Modeling and Analysis of High Frequency Interactions for Distributed Power System
In distributed power system (DPS), as shown in Fig.1, one converter's switching frequency ripples are another converter's perturbations and beat frequency oscillations may be generated due to the power converter's nonlinearities. This paper proposes an extended multi-frequency output impedance model to describe the nonlinearities of power converters and to analyze the high frequency interactions of DPS.
The voltage mode controlled boost converter is specifically illustrated as a demonstration. For a voltage mode controlled boost converter, the switches and PWM comparator generate multiple sidebands in frequency domain. Therefore, with a sinusoidal current perturbation frequency excitation, the output voltage response contains not only the perturbation frequency but also multiple sidebands and these sidebands can be reordered from low to high and written as f0, f0 - kfs and f0 kfs (0 < fo < fs/2).

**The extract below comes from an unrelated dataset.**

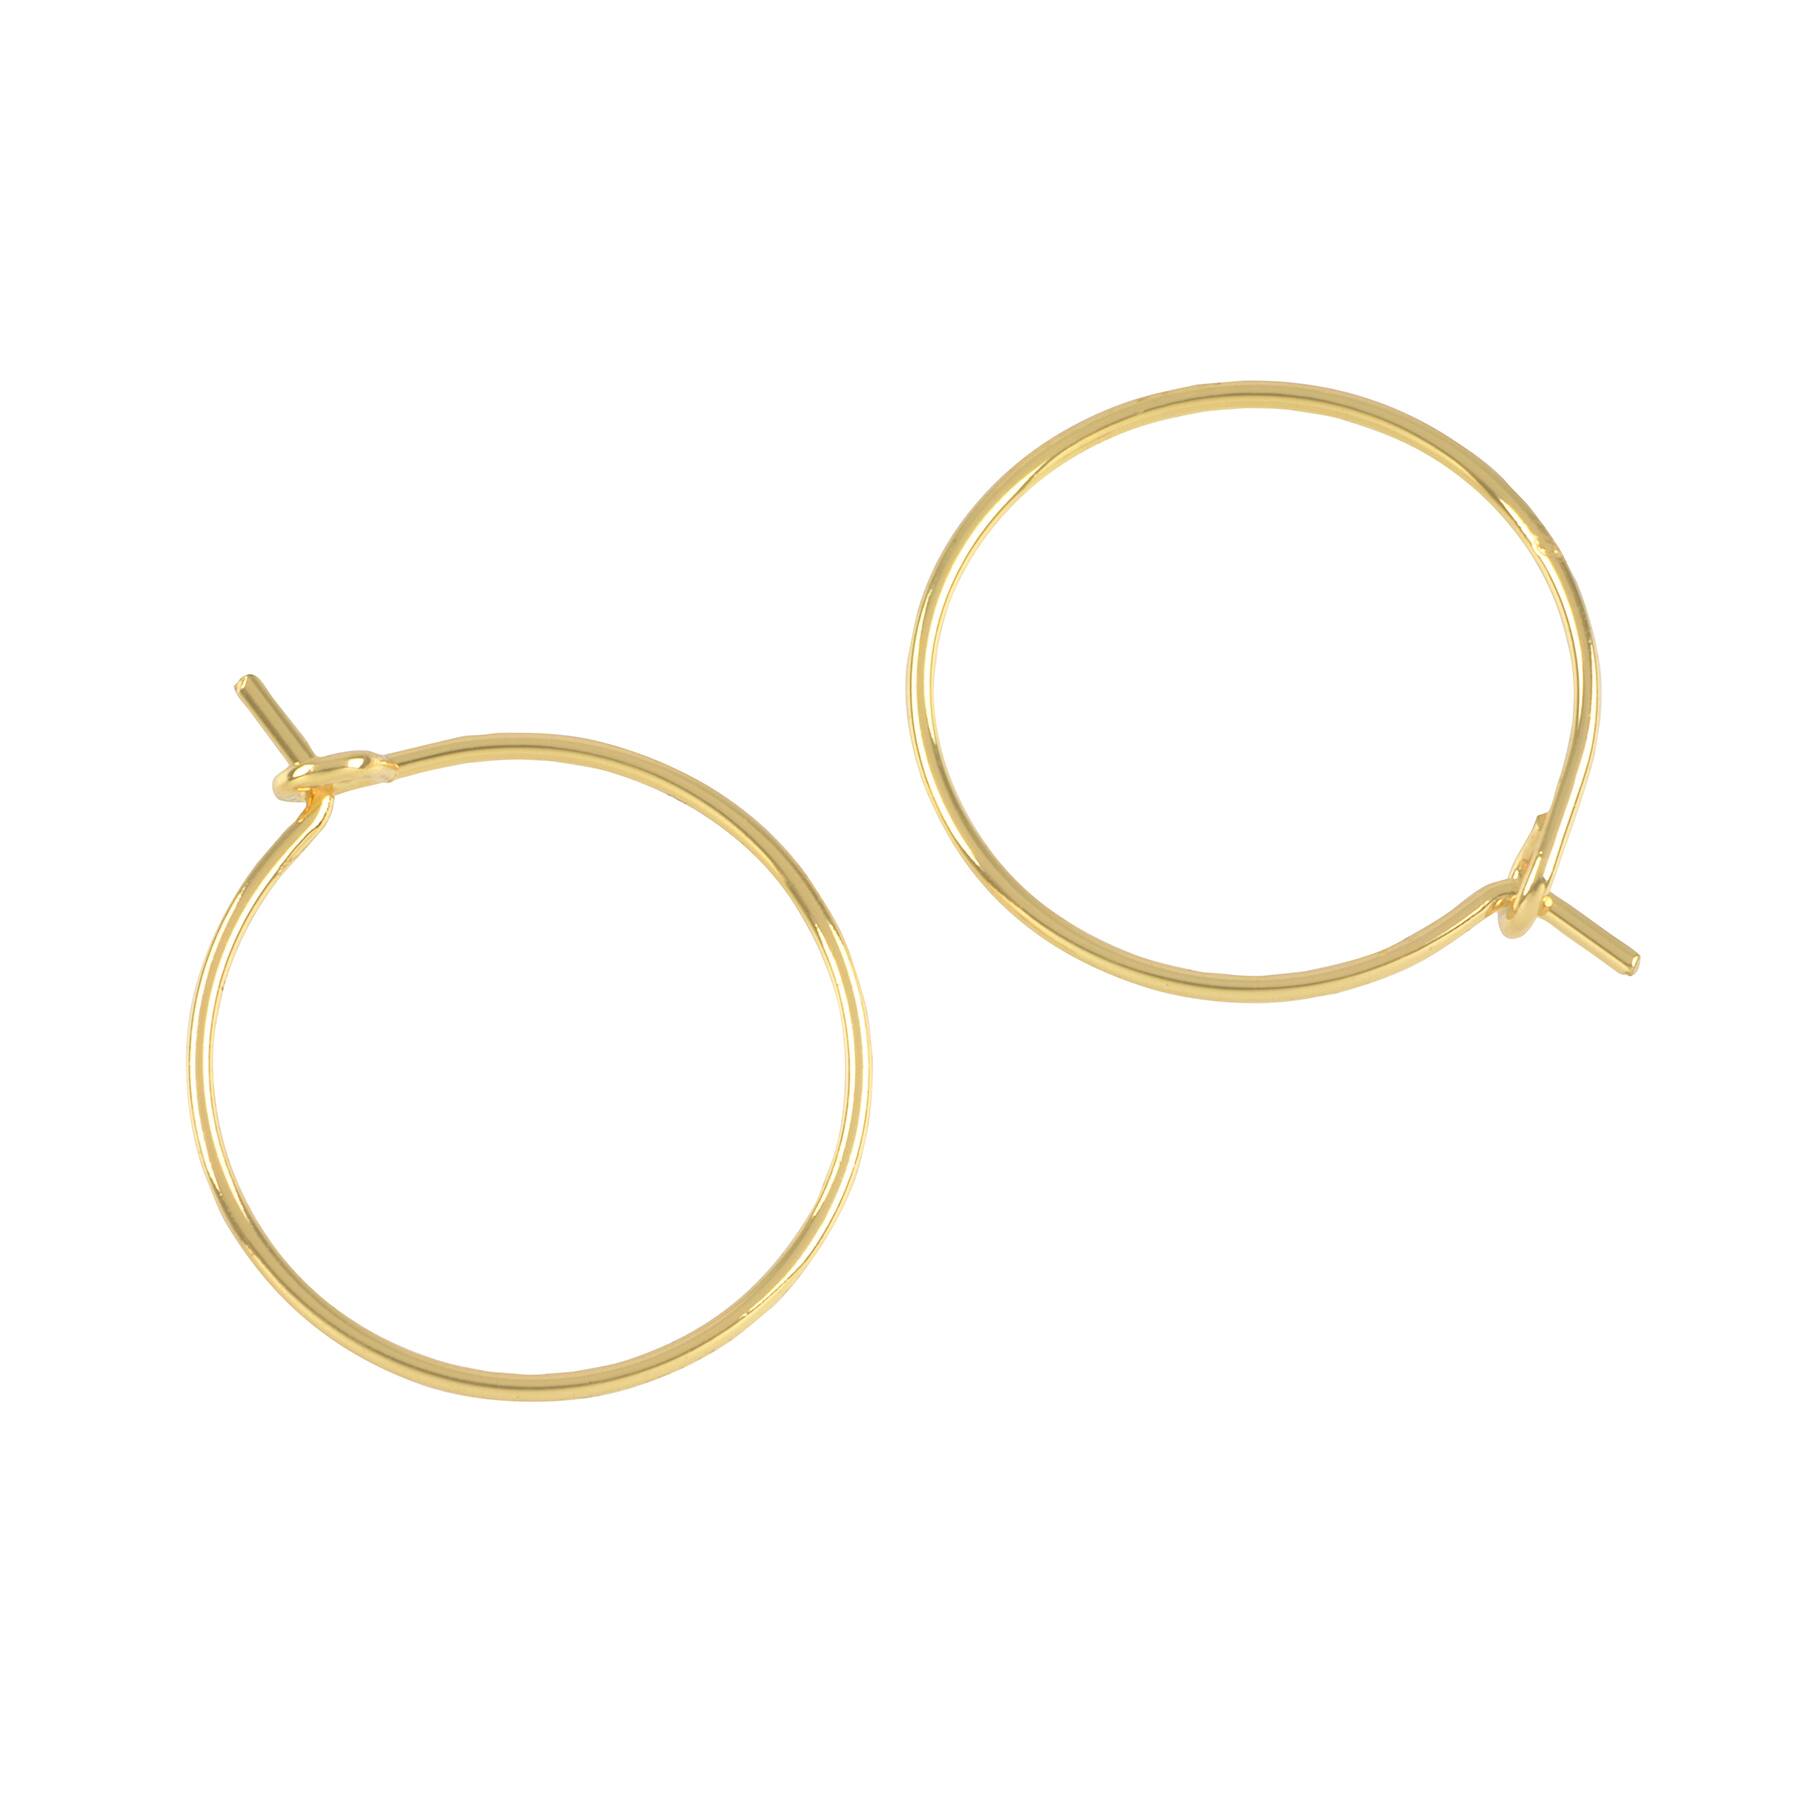 96pcs Earrings Beading Hoop Set for Jewelry Making,Earring Finding Triangle Teardrop Round Beading Hoop Earrings Bulk with 200pcs Earring Hooks Hoops

This work develops the relationship between output current perturbation and output voltage perturbation at both perturbation frequency and sideband frequencies (we define this relationship as extended output impedance). The frequency characteristics around switching frequency are shown in Fig.2. It can be seen from the figure that the switching frequency is a very important parameter for output impedance characteristics. Although its variation has almost no effect on traditional impedance characteristics, but it affects the relationship between output voltage's sidebands and output current perturbation such as vo(f0) / io(fx).
The high frequency interaction analysis for DPS shown in Fig.1 is based on the proposed model. If the switching frequency of one converter is 20 kHz while that of another is 19.5 kHz, the interaction of switching frequency ripples will produce multiple sidebands. According to the proposed model (as shown in Fig.2), if the low frequency component (f0 = 500 Hz) takes a much larger gain than that of other components, including the perturbation frequency 19.5 kHz itself, then there will be a 500 Hz oscillation in the bus voltage. The simulation result is shown in Fig.3. However, if the two converters' switching frequencies are both 20 kHz, from Fig.2, there will be no oscillations in the bus voltage. The simulation result for this case is shown in Fig.4.
Therefore, when designing power converters used for DPS, it should be suggested that the switching frequencies be checked and optimized by the proposed method to improve the power quality.